А где-то в XVII веке появился французский мануфактурщик по фамилии Гобелен. Его дети были красильщиками, на своей мануфактуре красили пряжу для шпалер. И, видимо, так хорошо это делали, что их фамилия дала шпалерам новое название. В конце XIX – начале XX века гобелен стал проще, более декоративным. Теперь уже художник старался претворить в жизнь свой эскиз.

БАКУ: А какая из традиций ближе вам – немецкая, французская, итальянская, коптская?.. Вы ведь не только делаете гобелены, но и преподаете это искусство.

Т.А.: Да, я преподаю уже 15 лет, эту дисциплину открыли специально под меня. Что до традиции, я, видимо, продолжаю грузинскую школу. Мой подход близок работам Гиви Кандарели – точнее, был близок. В последнее время я немножко изменила стиль, стала делать более абстрактные вещи с мягкими переходами, лучше подходящие для современного интерьера. Раньше у меня были более живописные работы.

БАКУ: Ваши ранние работы очень созвучны искусству семидесятых, модернистским поискам. Поздние, например «Четыре времени года» с цветными, почти компьютерными пикселями, кажутся отражением мира цифровизации.

Т.А.: Я на компьютере вообще ничего не делаю, этот мир от меня далек. А «Четыре времени года» делала даже без эскиза, просто начала ткать, держа в голове цветовое решение.
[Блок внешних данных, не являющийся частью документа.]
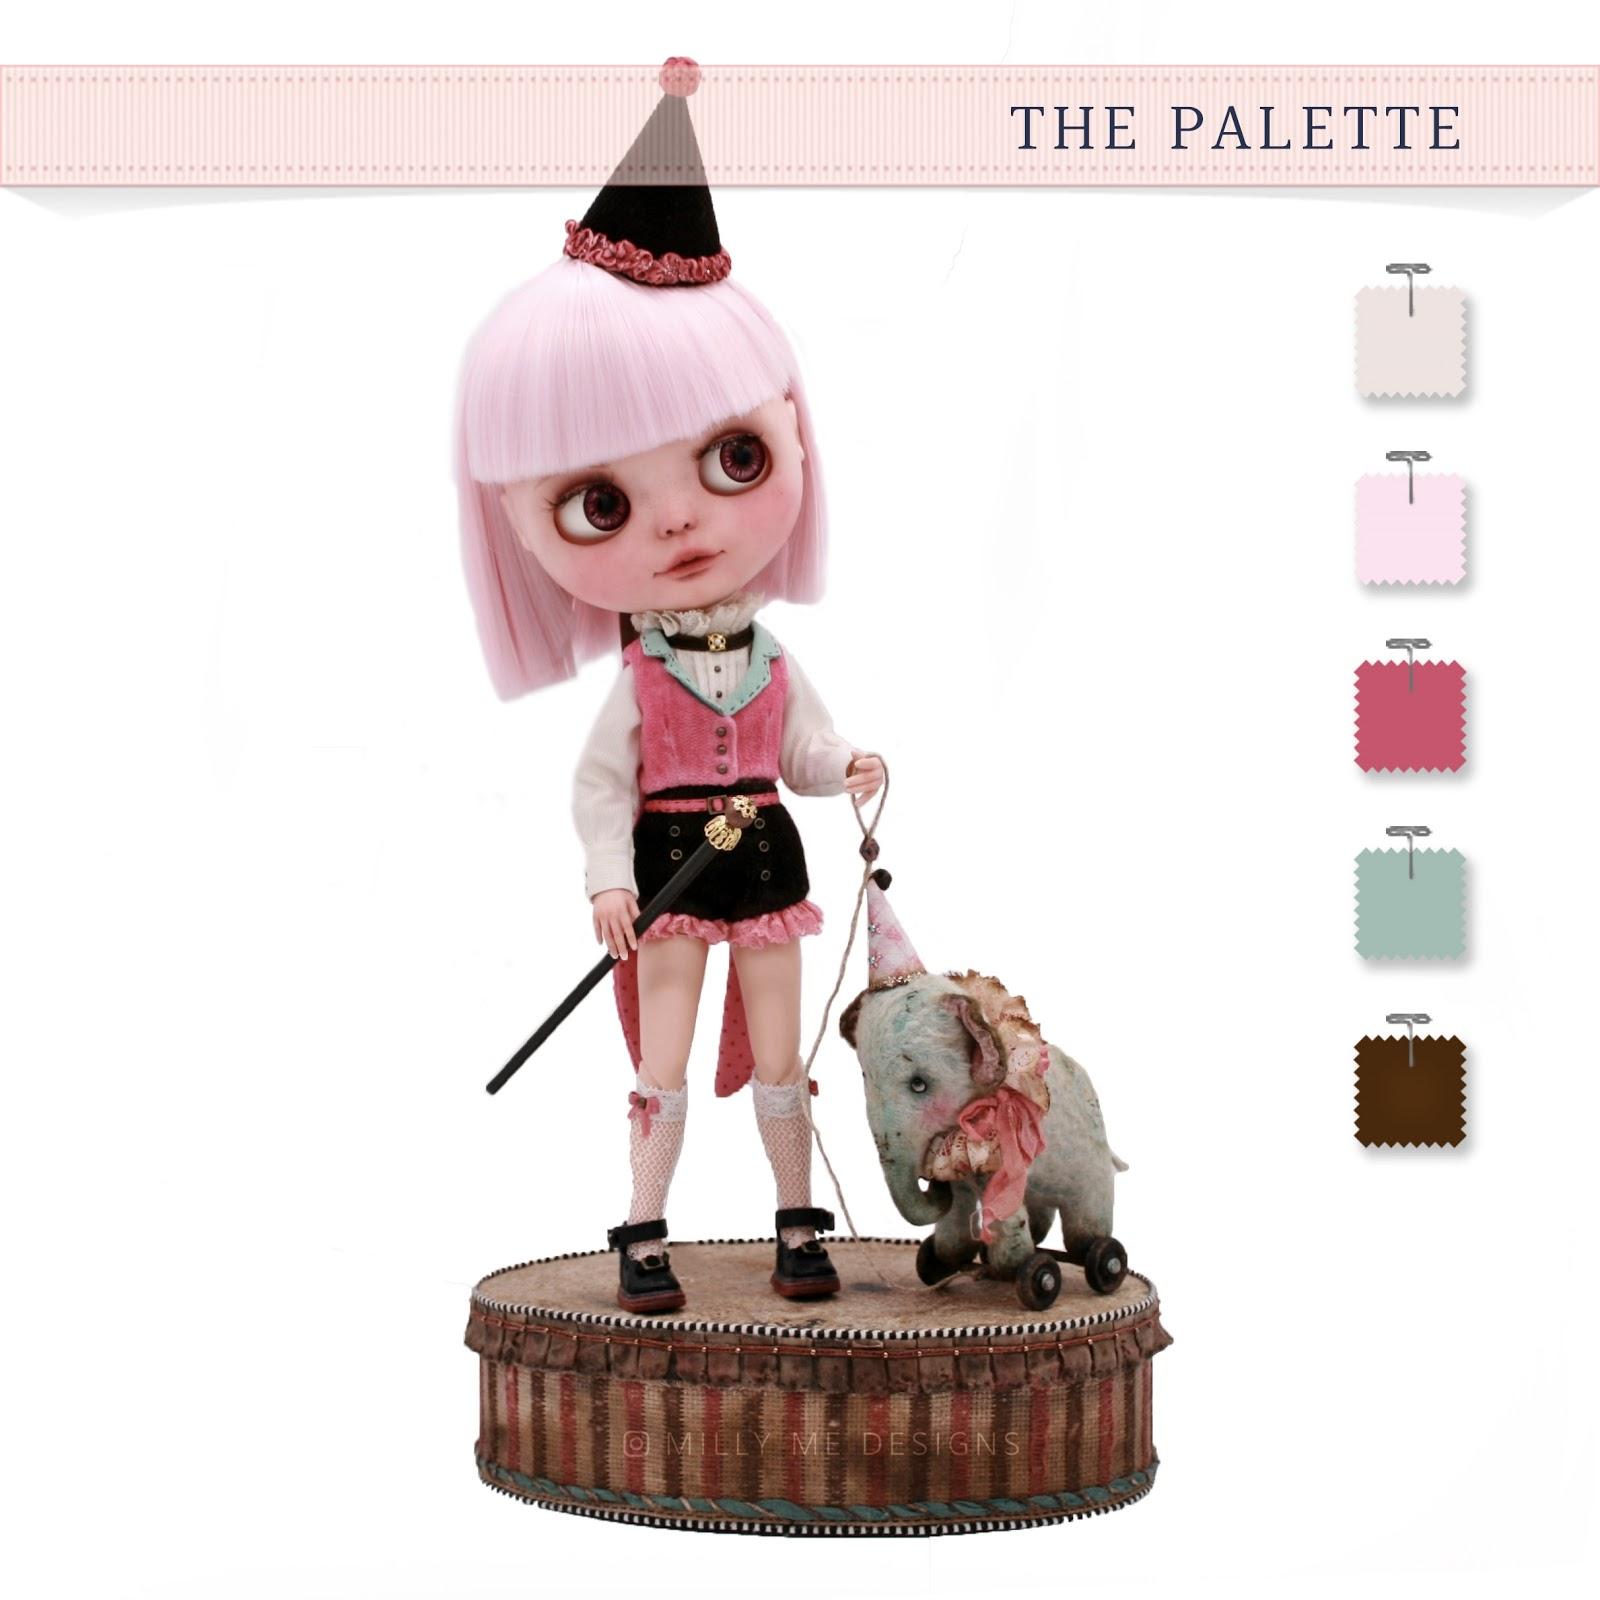 milly me designs, blythe, blythe outfit, blythe dress, blythe doll, blythe custom, custom blythe, blythe clothes

У меня есть гобелен «Новруз», там четыре стихии: вода, земля, огонь и ветер – ну как четыре недели Новруза. Я его так же делала: придумала контурный рисунок, заложила в основу, а создавала в цвете по ходу дела.
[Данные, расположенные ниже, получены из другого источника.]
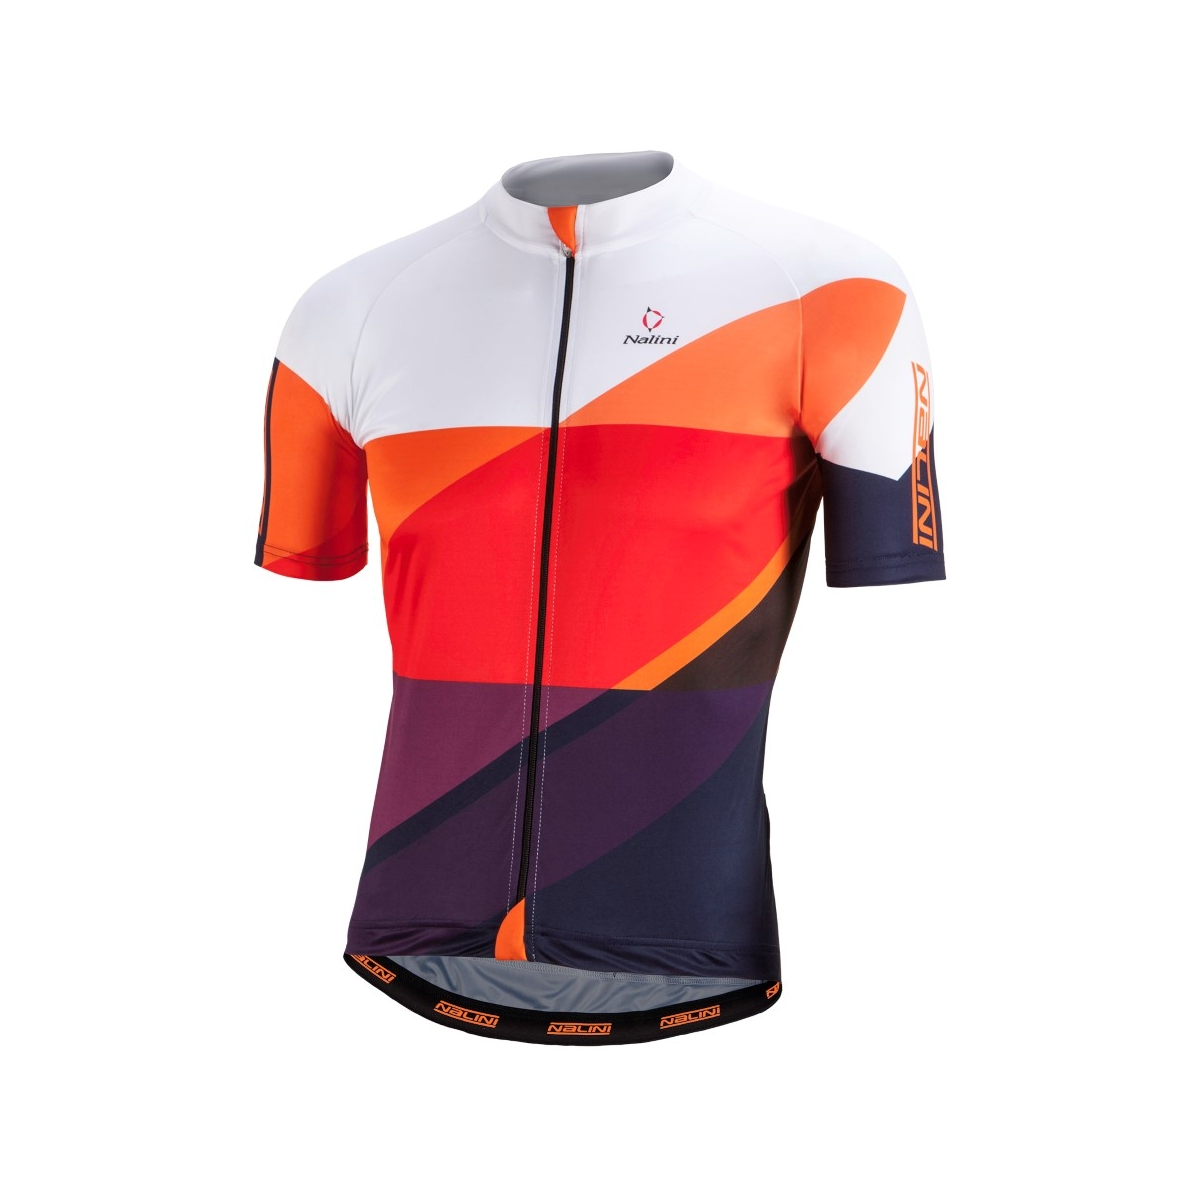 Koszulka kolarska Nalini Campione 4151

БАКУ: Сложно представить, как можно создать гобелен без эскиза. Кажется, что сначала должна быть в голове вся картина.

Т.А.: У художника она всегда есть в голове – может, не картина, но образ, идея. Конечно, по эскизам я тоже работаю, особенно если много цветов и форм. Но мне очень нравится без него. Делала так «Бабочек», «Цветочное поле».

БАКУ: Как долго делается гобелен? Это же очень трудоемкая вещь.

Т.А.: Сложно посчитать. Я же не сижу с утра до вечера: и на работу хожу, и домашние дела есть. Иногда сижу до утра, иногда целый день, а иногда урывками. В среднем на одну работу уходит два-три месяца. Очень большие гобелены сейчас не делаю – куда их девать? Был бы заказ – пожалуйста.

БАКУ: Когда вам больше нравилось работать: в советское время, когда были крупные заказы, или сейчас, когда вы создаете авторские работы для себя, но нет гарантии, что их кто-то купит?

Т.А.: Сейчас действительно заказов нет, да и заказчиков. Работаю для себя: делаю, а уж потом кто купит, тот купит. Хотя мне кажется, что современному интерьеру очень подходят гобелены, они смотрятся невероятно красиво. Просто еще не все это понимают.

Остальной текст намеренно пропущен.